Figure 5.LILRB4 plays faceted roles in the progression of multiple myeloma. (A) Left. Flow cytometry detection of LILRB4 in non-target (NT) and LILRB4 knock-out (KO) multiple myeloma (MM) cells. Right. Growth of LILRB4-KO cells relative to NT MM cells. (B) Colony formation assay of LILRB4-KO cells relative to NT MM cells (5X magnification). (C) Transwell invasion assay of LILRB4-KO cells relative to NT MM cells. (D) Cellular apoptosis detection of NT cells and LILRB4-KO MM cells. (E) Bar chart showing cytotoxicity towards NT cells and LILRB4-KO MM cells by carfilzomib at 48 h. (F) The H929-NT and H929-KO cells were injected subcutaneously into the left and right flank of the same mouse. A line plot showing the measurement of tumor volume every other day between H929-NT and H929-KO groups. Bar graphs showing the statistical difference of tumor weight between animals in the H929-NT and H929-KO groups. Unpaired t test, *P<0.05, **P<0.01, ***P<0.001, ****P<0.0001.

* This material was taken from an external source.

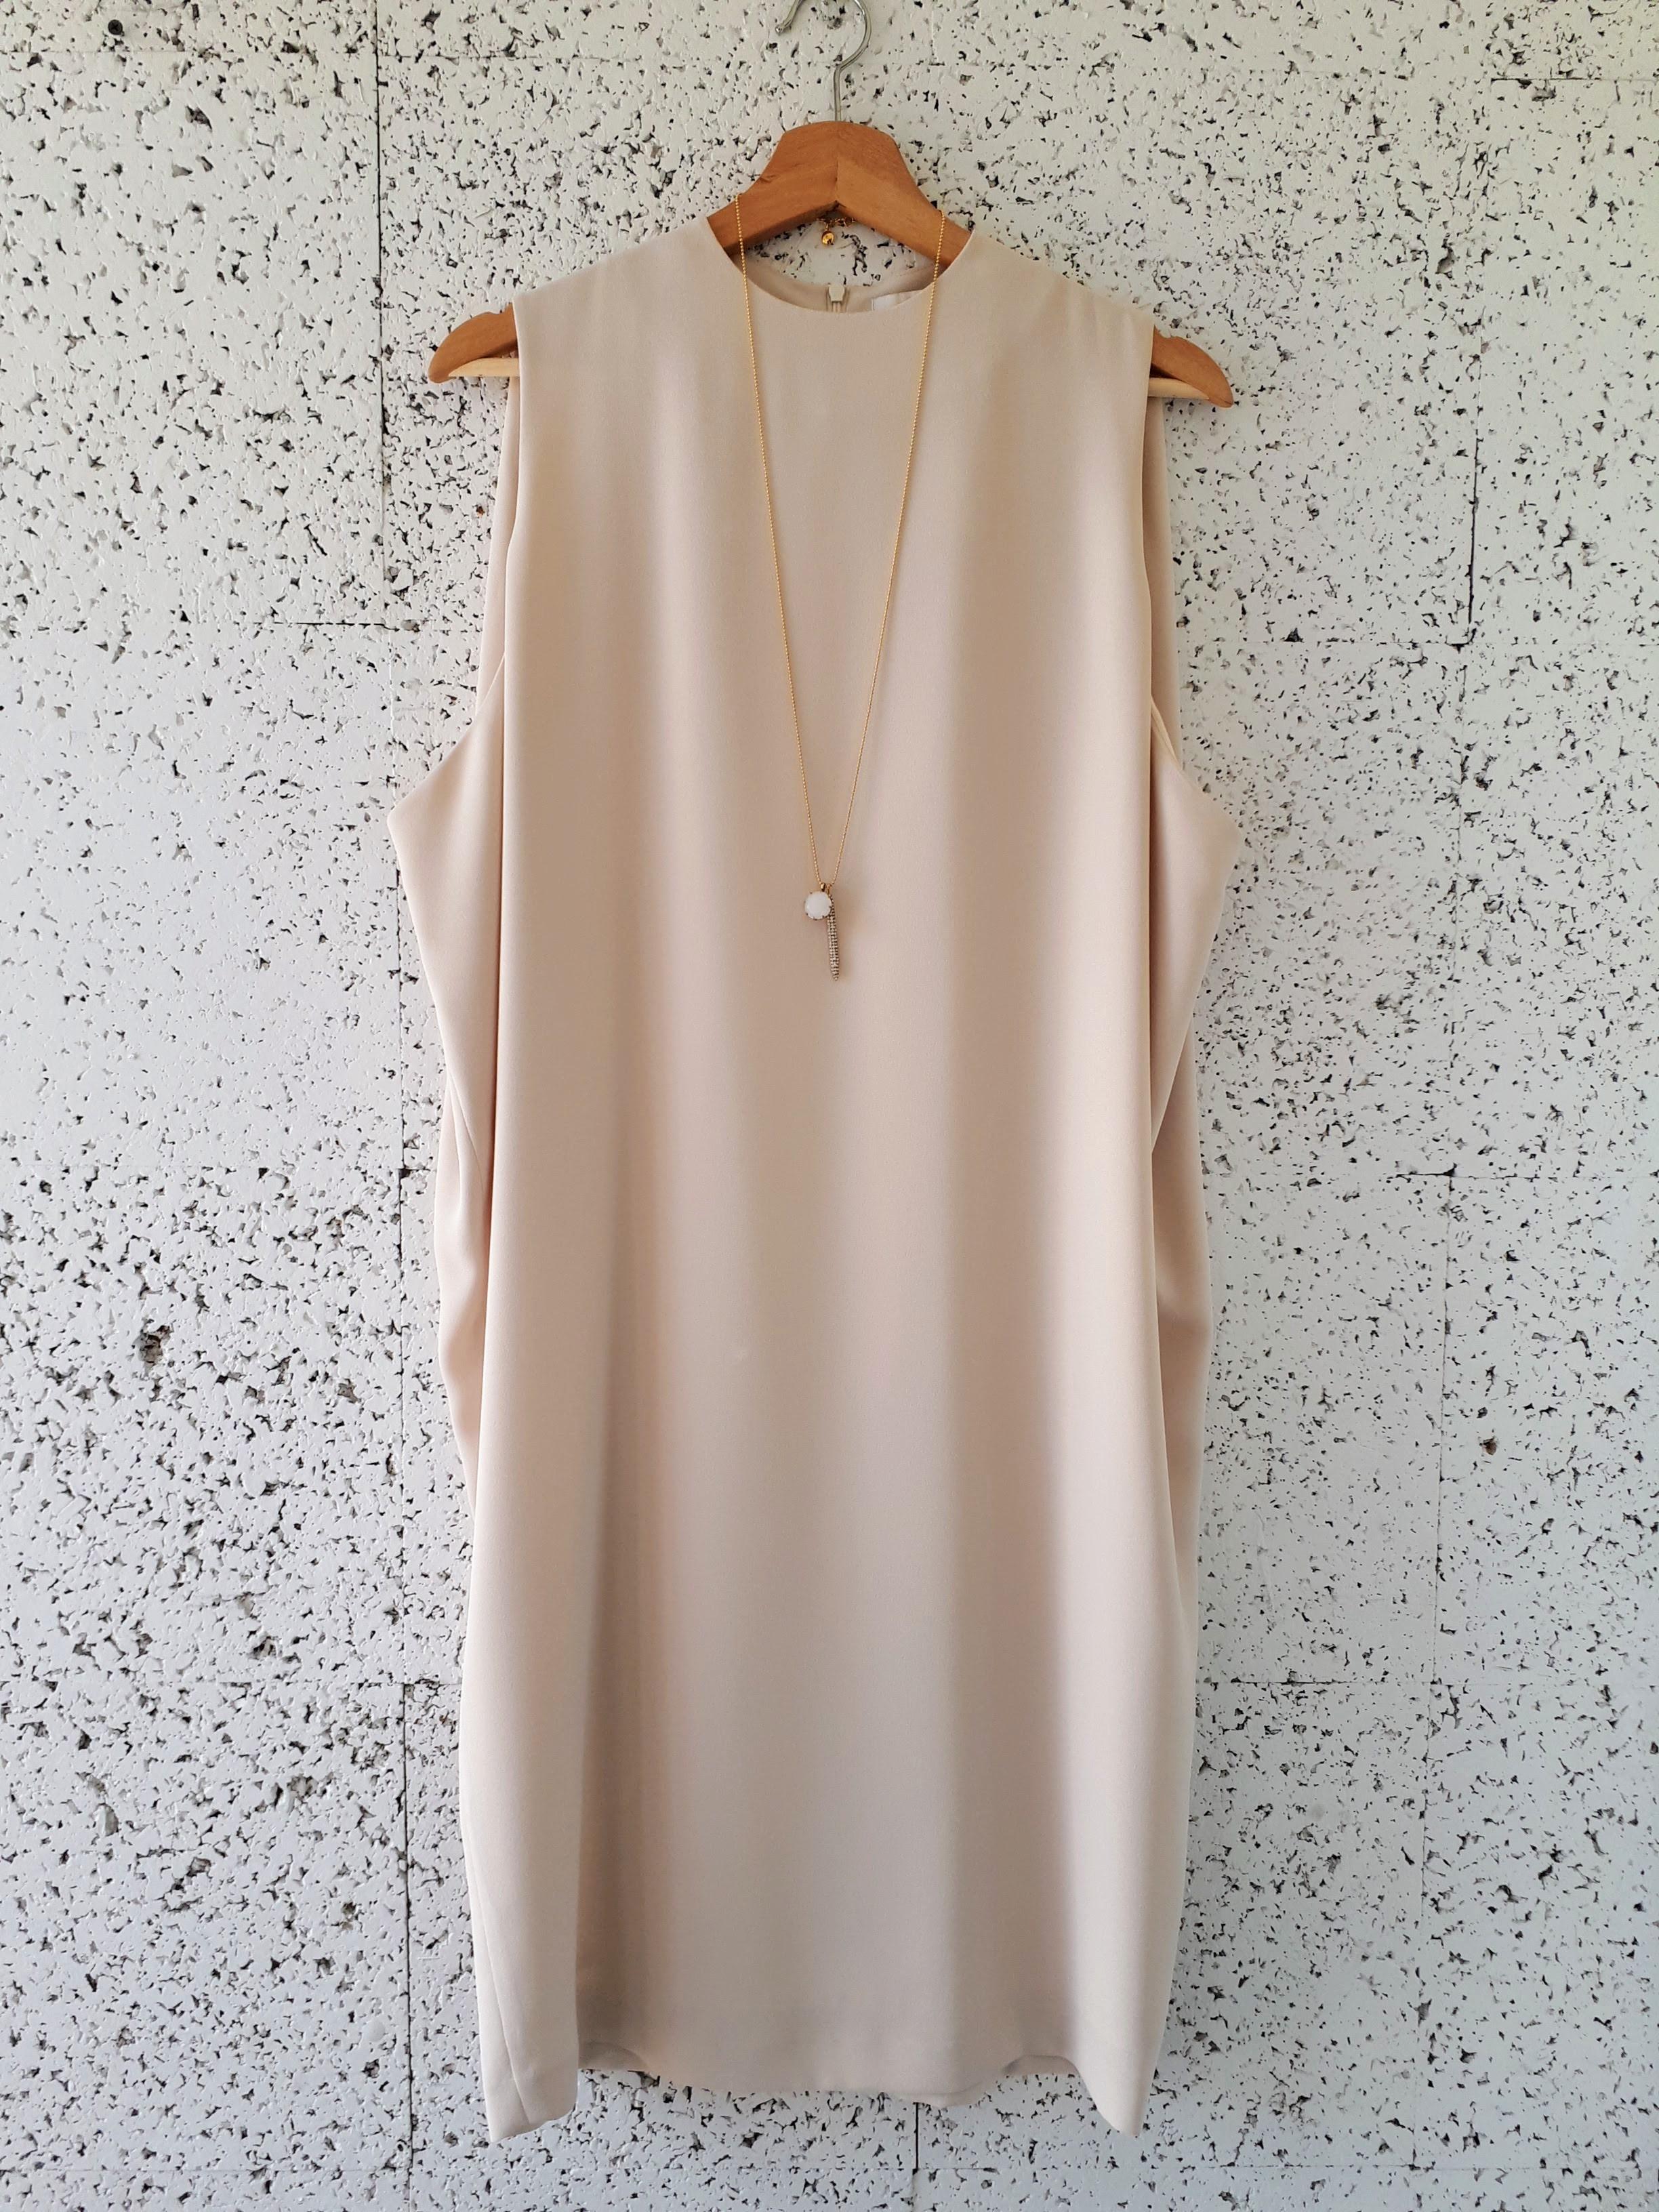 Oak+Fort dress; Size S, $68

We also utilized CRISPR-Cas9 technology to genetically delete LILRB4 from MM cell lines (H929 and ARP1) to detect the effects of LILRB4 in myelomagenesis. Deletion of LIL-RB4 significantly suppressed the tumor growth and colony formation of MM cells (Figure 5A, B). Additionally, LILRB4 knockout suppressed MM cell migration, promoted cell apoptosis, and increased the susceptibility of the MM cells to proteasome inhibitors (Figure 5C-E). Furthermore, the in vivo study demonstrated that tumor growth in LILRB4-KO group significantly decreased compared with that in the control animals (Figure 5F). Consistently, overexpression of LILRB4 in H929 cells notably promoted colony formation and tumor growth in vivo (Online Supplementary Figure S5E, F). Collectively, the highly specific gene of the aggressive sub-C4 in MM cells, LILRB4, was a promising biomarker of aggressive MM cells which promoted MM clonogenicity and disease progression.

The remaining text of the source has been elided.